Llegando a Puyuhuapi después de pasar por el Queulat
Realmente el recorrido por dentro del Parque Nacional del Queulat es excepcional, no por sus vistas, que también, pero es realmente excepcional el poder conducir un autobús de pasajeros de las dimensiones del nuestro y que a cada curva tenga que hacer maniobras porque no gira, y todo el Parque es una curva constante. Es una "paella" detrás de otra "paella", vaya como la Rabassada de Barcelona, pero  mucho más bonito. La carretera a veces se estrecha tanto que no pasan dos coches a la vez, y en una de esas curvas, casi nos choca otro mini bus que venía embalado, y de sorpresa se encontró con el nuestro haciendo la maniobra para girar. Tardamos más de una hora, larga en hacer el recorrido de bajada, pues en dirección norte, en el Parque Nacional se baja, y yo me pregunto, como será la subida con unos de estos bichos? Yo no lo experimentaré, pues la entrada del Parque Nacional Queulat, está en la parte baja, junto al Fiordo Queulat,  que es donde también desemboca el Río Uspallante, y otros, pues de ríos y saltos de agua no faltan. La Carretera Austral nº 7, bordea todo el fiordo del Queulat, y el fiordo termina creando una bahía donde se encuentra Puyuhuapi. 
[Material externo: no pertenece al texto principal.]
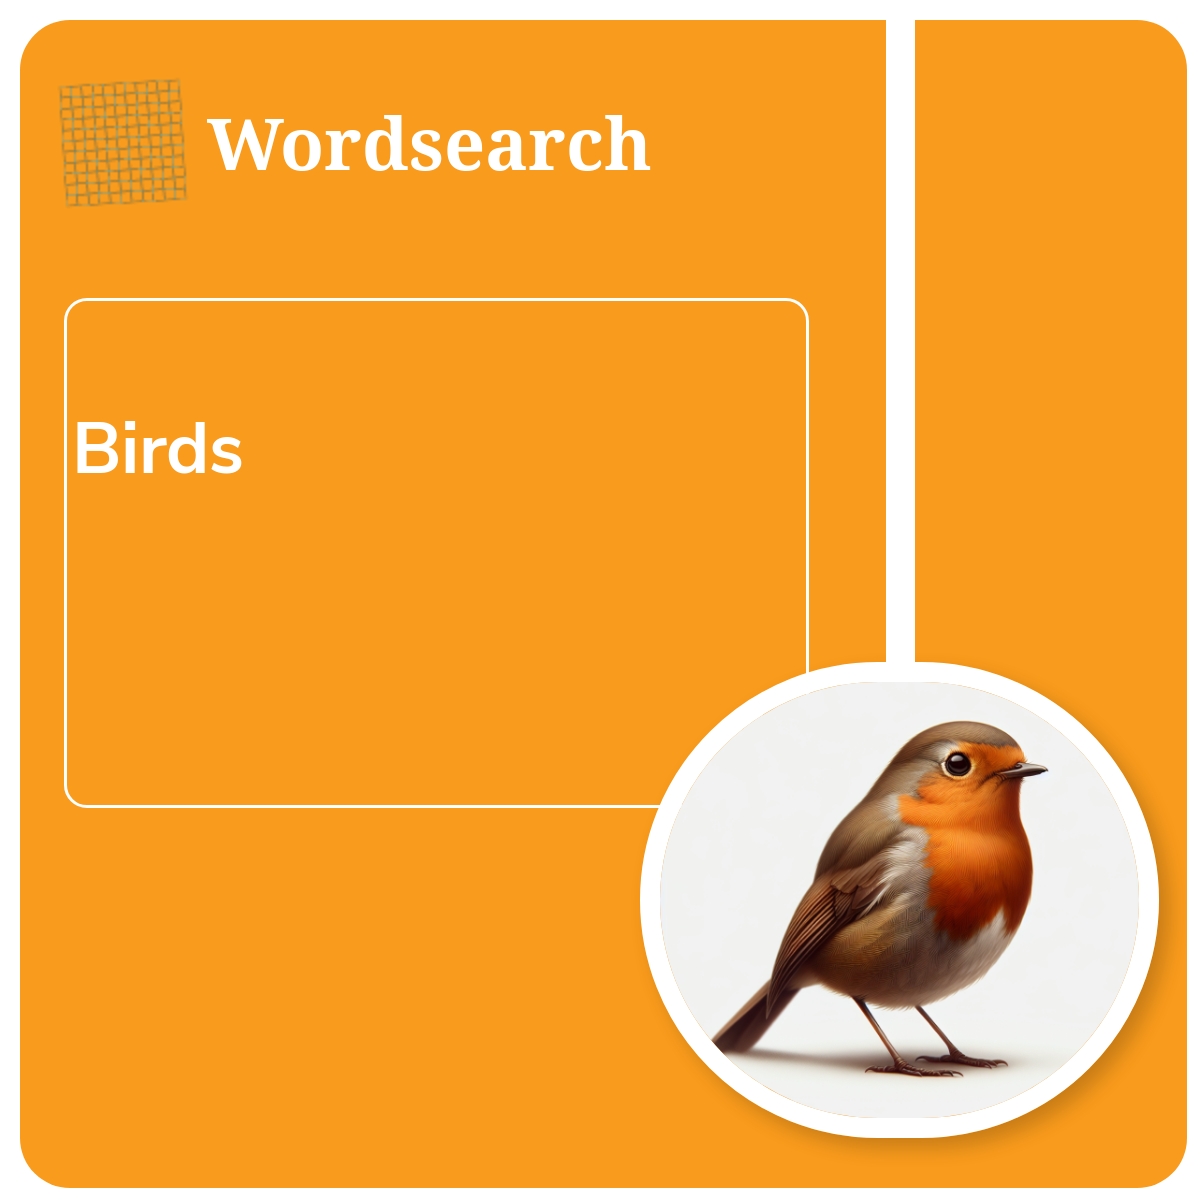 Wordsearch: Birds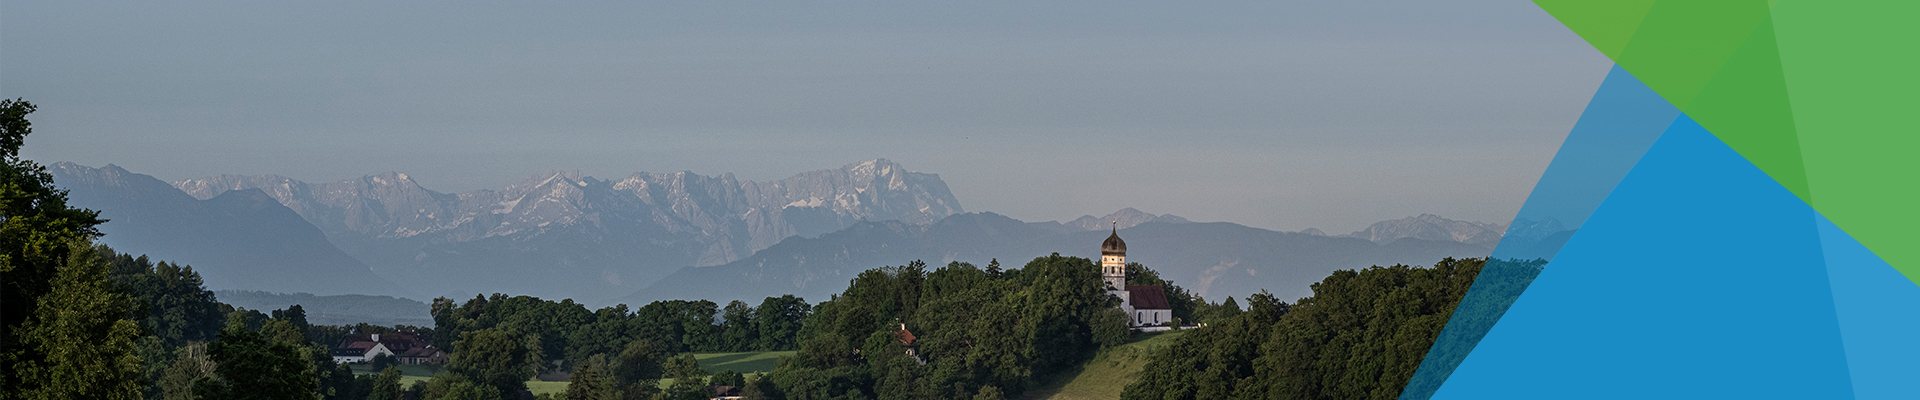 Für alle, die auf der Suche nach Gruppen- und Pauschalangeboten sind, haben wir eine breite Auswahl in unserer Region StarnbergAmmersee. Auf dem Bild sehen Sie das Bergpanorama der Bayerischen Alpen, welches von uns aus bewundert werden kann.

La playa que se forma en la Bahía de Puyuhuapi
Allí llegamos pasada buena tarde, pero todavía con sol. Fuimos a encontrar nuestro alojamiento que estaba a tocar de la parada del bus y del centro del pueblo, pues todo es centro, de lo pequeño que es el pueblo, y una vez aposentados en el Hospedaje Ventisquero, salimos a dar una vuelta y a tomar una cervecita. Paseando por el puerto, vimos una bella muchacha sola, sentada en un banco, y nuestro experto en estas lides, el Sr. Norberto, se acerco a ella a darle conversación, y encontramos a Pamela, una maestra chilena de pre-escolar, y psicóloga que viaja sola y quiere conocer el sur de país, que nos confeso que hay una gran cantidad de chilenos que jamás estarán aquí, porque todo vale el doble que en el norte. Nos hicimos unas graciosas fotos, pues ella nos pidió repetir unas que anteriormente le habían hecho y que no le gustaban en el panel de Puyuhuapi. No sería simpático el fotógrafo anterior, y por nos eso escogió a nosotros para dejar la instantánea para la posterioridad,  y terminamos los cuatro en el bar del pueblo tomando cerveza y  pisco saur, y comiendo hasta media noche, contándonos historias de la vida y experiencias de nuestro viaje y del suyo, y riéndonos a carcajada suelta. Quizá nos hicieron efecto las bebidas que tomamos, yo no me acuerdo...



Pamela y sus chicos...






Al día siguiente teníamos todos preparada una excursión de alto nivel, y había que ir a a dormir, pues nos esperaba la subida al Ventisquero Colgante del Parque Nacional Queulat, más de dos horas de dura subida para llegar al Mirador del Ventisquero, pero esto ya os lo contaré en otro rato.




Bienvenida a Puyuhuapi



Continuará...


Atardecer en Puyuhuapi



domingo, 20 de enero de 2019

HACIA COYHAIQUE PARA DEVOLVER EL COCHE DE ALQUILER, QUINTA Y ULTIMA ETAPA POR LA CARRETERA AUSTRAL...

De camino a Coyhaique
Y como os comentaba al final del último capítulo de este viaje, nos despedimos de Rosa, la que más manda según su hermana Larisa Viviana, a pie de la puerta de la Hostería Huemules. Con el súper desayuno entre pecho y espalda, salimos rápidos y veloces, dirección a Coyhaique, donde teníamos que llegar antes de las 19;00 horas de este viernes, ya que así habíamos pactado en el contrato de alquiler del vehículo. Según nuestro navegador, llegaríamos con tres horas de tiempo antes, pero los imprevistos no están calculados en el GPS. Y como siempre pasa con la ley de Murphy, esta vez no estuvimos exentos de suspense para poder llegar a la hora.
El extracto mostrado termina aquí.